In conclusion, he either died of wounds or TB or both. His body was transported to Mold for burial. He was 42.  (The North Wales Chronicle of the 26th May 1916, published a very long list of RWF Casualties. This list of names included a wounded  JW Manley (Mold) 16153. The regimental number is not exactly right but the chances are, it is him).

William  had enlisted in Mold and according to his Medal index card on Ancestry, his first theatre of war was France and he had entered it on the 27th September 1915.   The 10th (Service Bn) RWF was raised at Wrexham on October 16th 1914 as part of Kitchener’s   Third New Army, and joined the 76th Brigade. They moved to Codford St Mary for training and spent the winter in billets at Bournemouth. They moved to Romsey on April 29th 1915 and then to Aldershot for final training.
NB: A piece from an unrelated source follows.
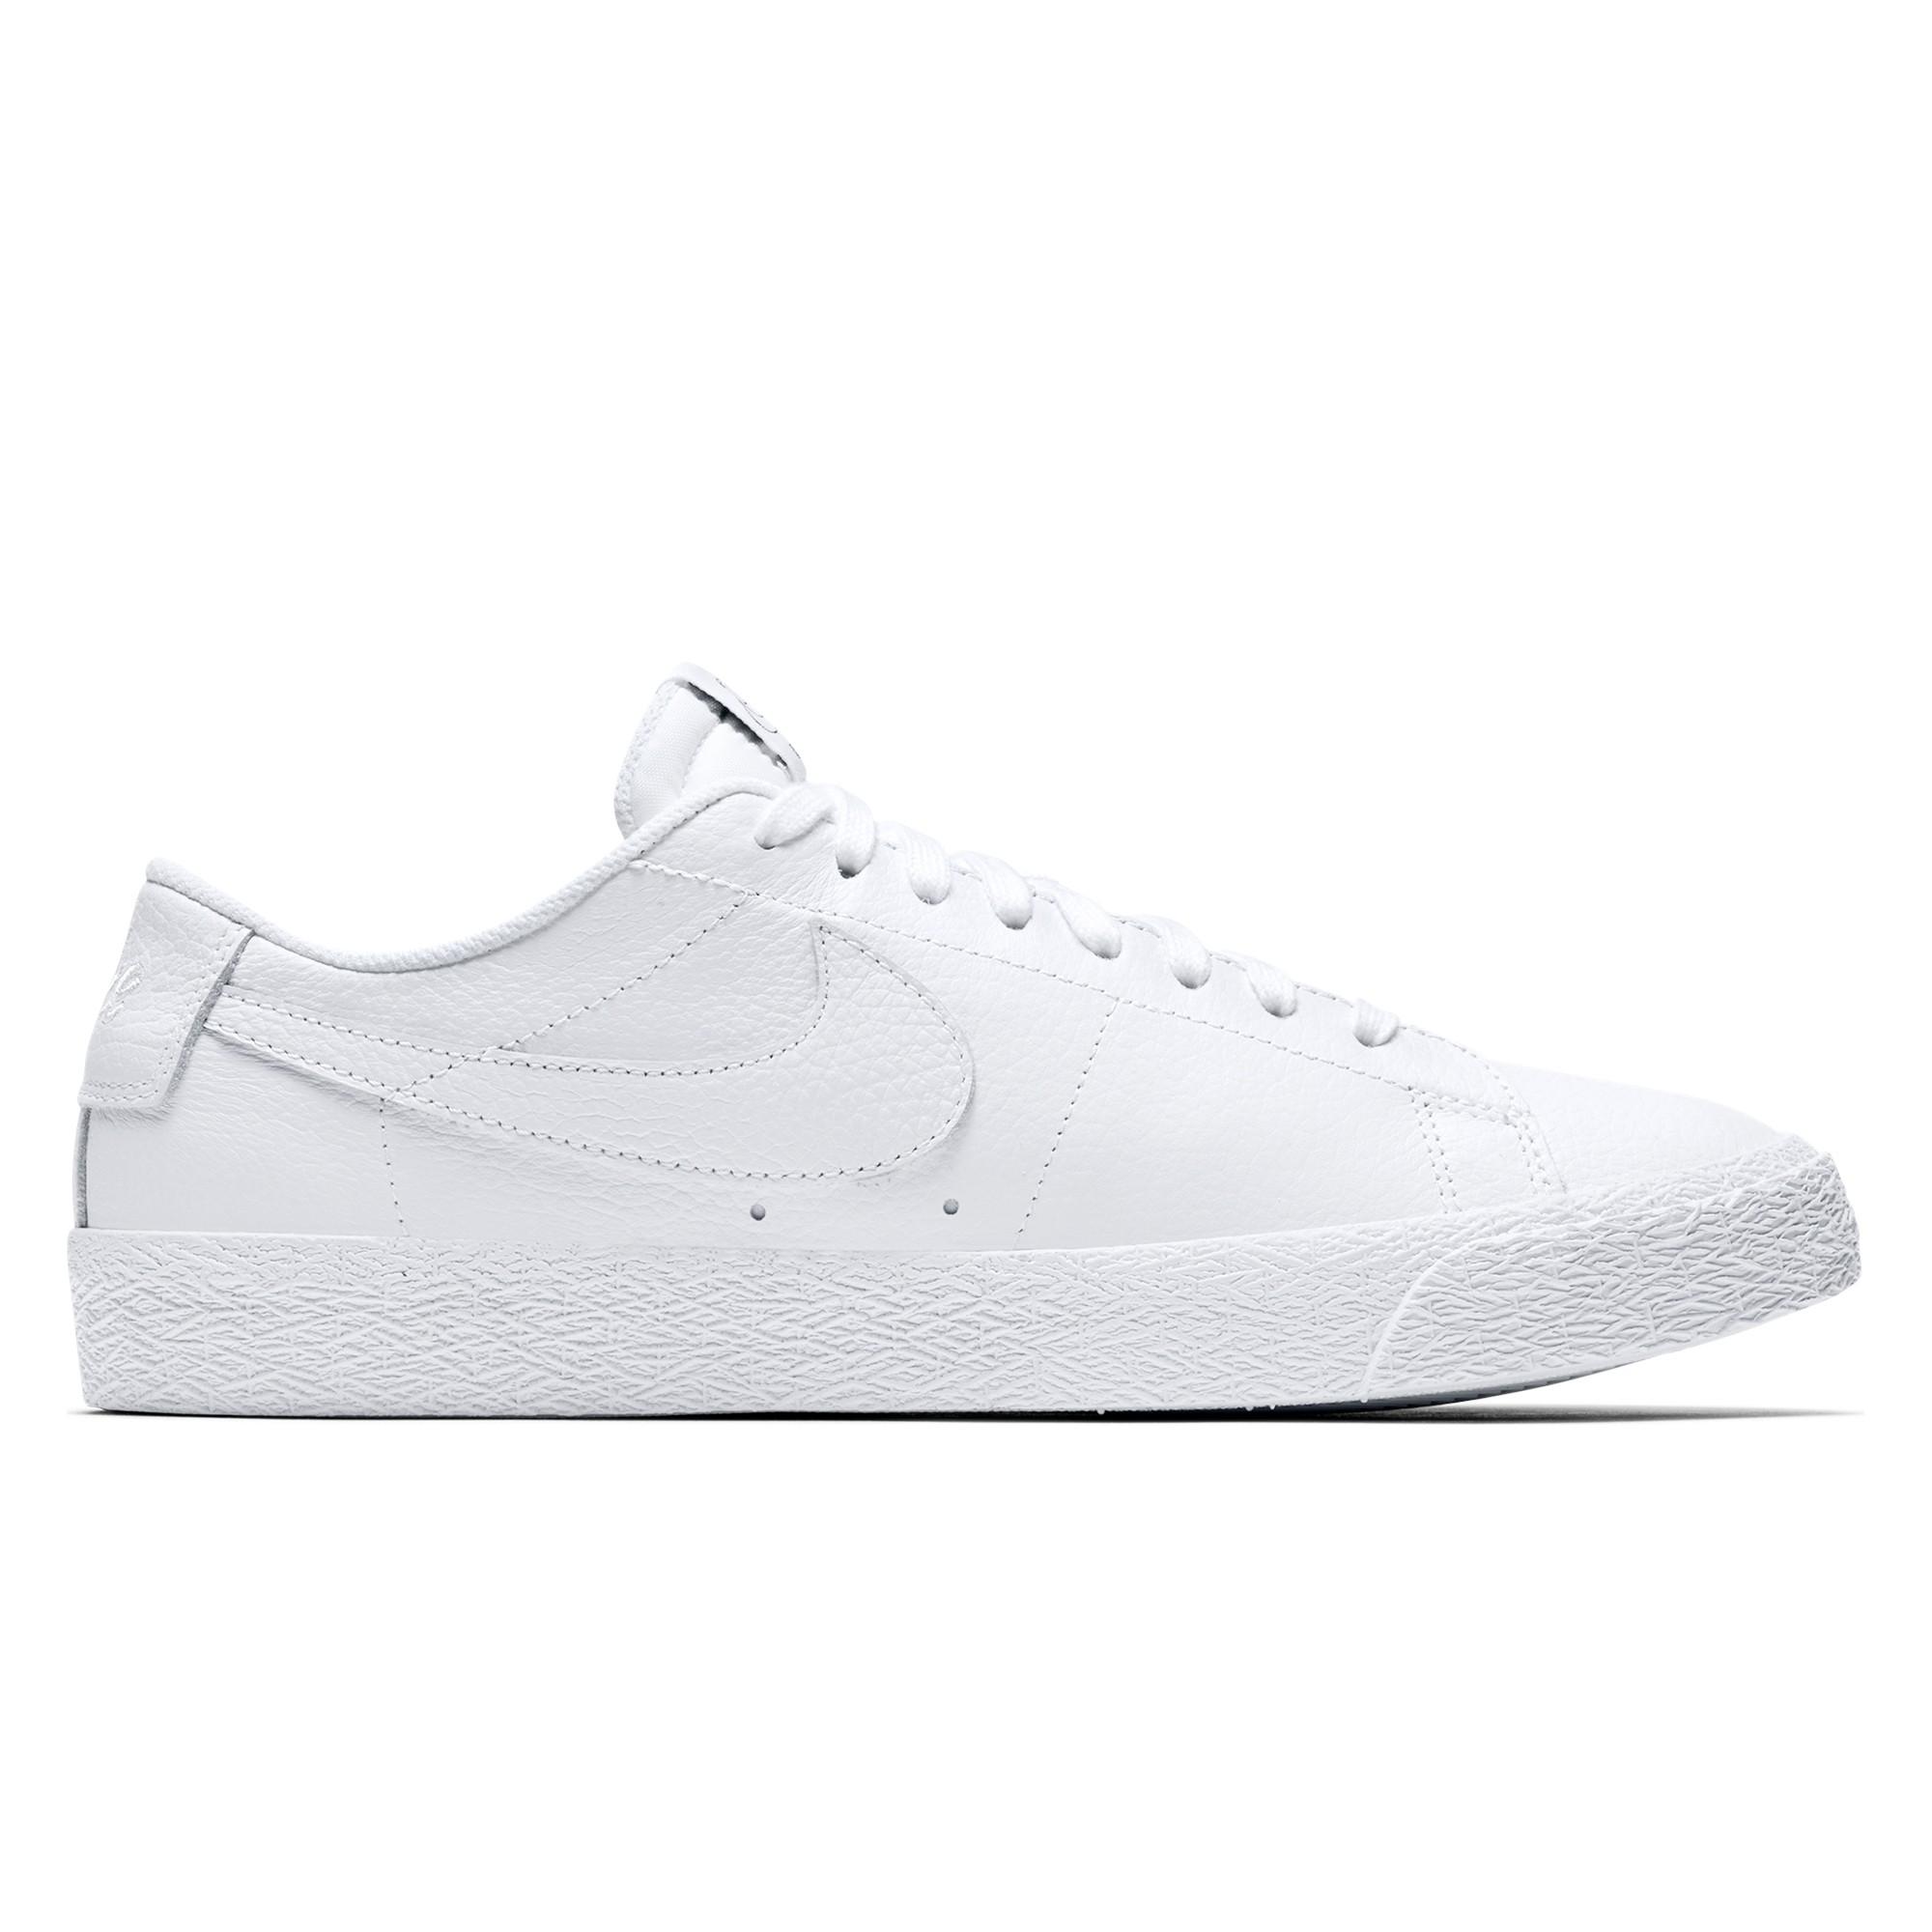 check out 057e3 1850e Nike SB x NBA Zoom Blazer Low (White/White-Rush Blue-University Red)

They proceeded to France, landing at Boulogne on September 27th 1915. (Wartime Memories Project, 10thBn RWF) We know that William must have experienced most, if not all of these events before landing in France with his battalion on that same day.

Also, “in December 1915 the battalion was involved at St Eloi in the Ypres Salient, and in the middle of June 1916 they went out of the line and started a circuitous march to the Somme.”(RWF Regimental History)

At what point he was invalided home, we do not know.

For William to have been involved so  early in the war tells us he was almost certainly someone with previous military experience either as a part time Territorial or as a regular soldier. Perhaps this explains why he can’t be found on the 1911 census.